Violet Cocking still wears clothes designed to fit an 18 month old – and is only a few inches taller than her four-month-old sister, Ada.
Mum Charlotte Cocking, 32, was concerned about her size from birth, but says medics were unable to find a cause for two and a half years.
But after months of turmoil, a genetic test revealed Violet from St.
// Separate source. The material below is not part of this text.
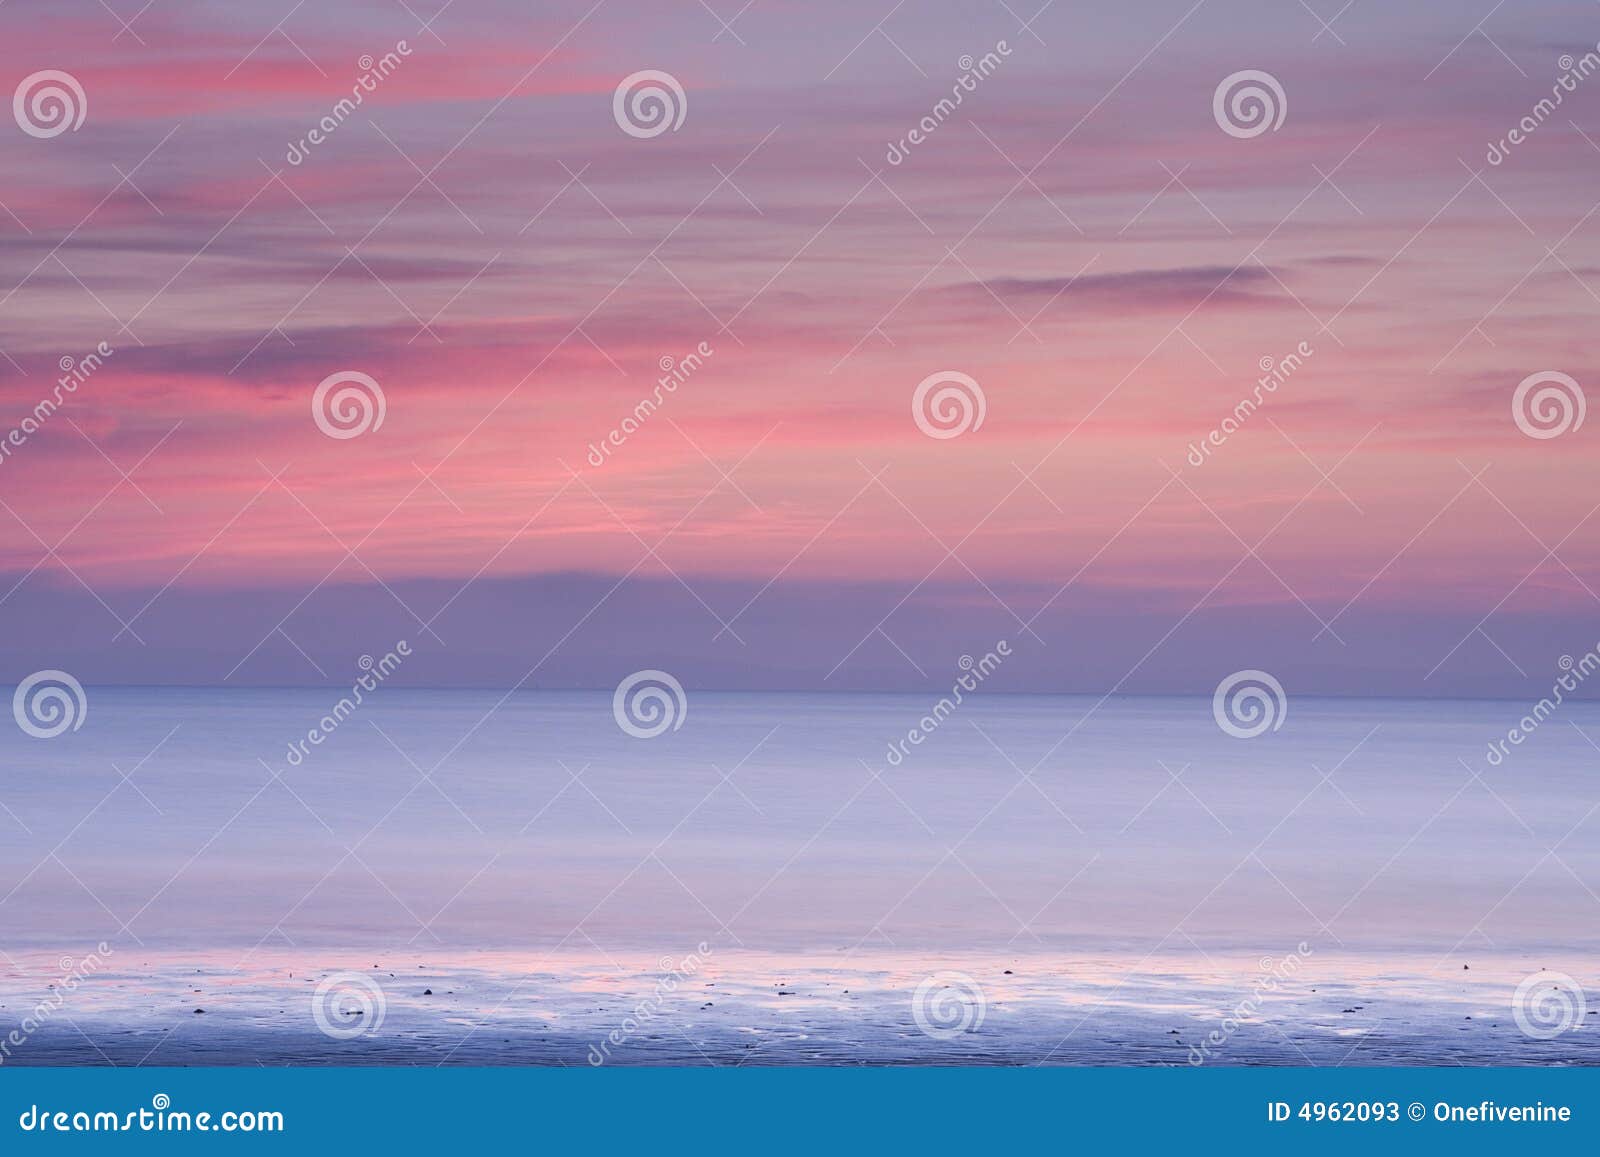 abstract seascape sunset

Ives, Cornwall, had microcephalic osteodysplastic primordial dwarfism type 1 – a genetic condition inherited from both parents.
Charlotte and her husband Robert, 43, unknowingly carried the dwarfism gene which meant Violent inherited the same defective gene from both.
Charlotte, who is a bartender said: “People assume Violet is a toddler so when I tell them her real age, they look at me with a very confused expression.
“Violet has settled well into reception but requires extra support – she has a really good friend called Willow who looks out for her.
“She is 3ft 8in, a foot taller than Violet, which is a pretty average height for a four-year-old but their height doesn’t stop them from being the best of friends.”
Violet was born at 36 weeks yet she looked smaller than ever and weighed 2lb 15oz.
Charlotte added: “She was kept in NICU as she was unable to feed and could only stomach 50ml of milk a day – the equivalent to a double shot in barmaid terms.
“As the months passed, she barely grew, and I became very concerned that she was wearing newborn clothing at six-months-old.
“She wasn’t much bigger than a pint glass at three-months old.
“Even now she wears specially made shoes which are a size two and a half for babies.
“But periodically she was fine, we had genetic and blood tests with the NHS but the results were never abnormal – but I knew something was wrong.
“I researched the living hell out of her characteristics – she had curved fingers and puffy feet along with a really small head.
“Dwarfism always popped up in a search, but I assumed I was being daft until we had another test that involved a saliva swab from me, Rob and Violet, when she was two and a half.
“We were over the moon to finally a diagnosis that revealed she has a rare form of an already rare form of dwarfism.”
The couple discovered a charity called ‘Walking with the Giants’ who have a specialist genetic team that has diagnosed five other children with Violets condition in the UK.
There was a 50 per cent chance Violet would be a carrier like each of her parents and a 25 per cent chance to not have the condition.
Violet is still currently reaching all her milestones and despite her development being delayed, she did learn how to walk seven months ago.
Charlotte said: “I can’t help but feel like I wasted the first year of Violet’s life obsessing with what is wrong with her.
“I feel guilty, but I was desperate to get an answer which is when I came across the charity Facebook group.
“I can’t thank them enough for their support and it is nice to be able to speak to other parents who have children with a rare form of dwarfism.
“We don’t know what to expect for the future, but she is very lucky as other children with this condition are known to be severely disabled.
“Violet isn’t a typical child, but she is smart and funny – she is mentally three-years-old.
“Her speech is behind and can be hard for others to understand and she can only walk a short distance in places where she is familiar with.”
Charlotte feared her second daughter Ada, now four months, may have the same condition but a Chorionic villus sampling at 11 weeks confirmed she was born without.
She adds: “I was a nervous wreck waiting for the results with Ada, as we wouldn’t be able to cope with another disabled child.
“It was great when they said she was unaffected and already Ada is almost as big as Violet.
“But that doesn’t stop her from being the best big sister and she always bringing Ada her toys.”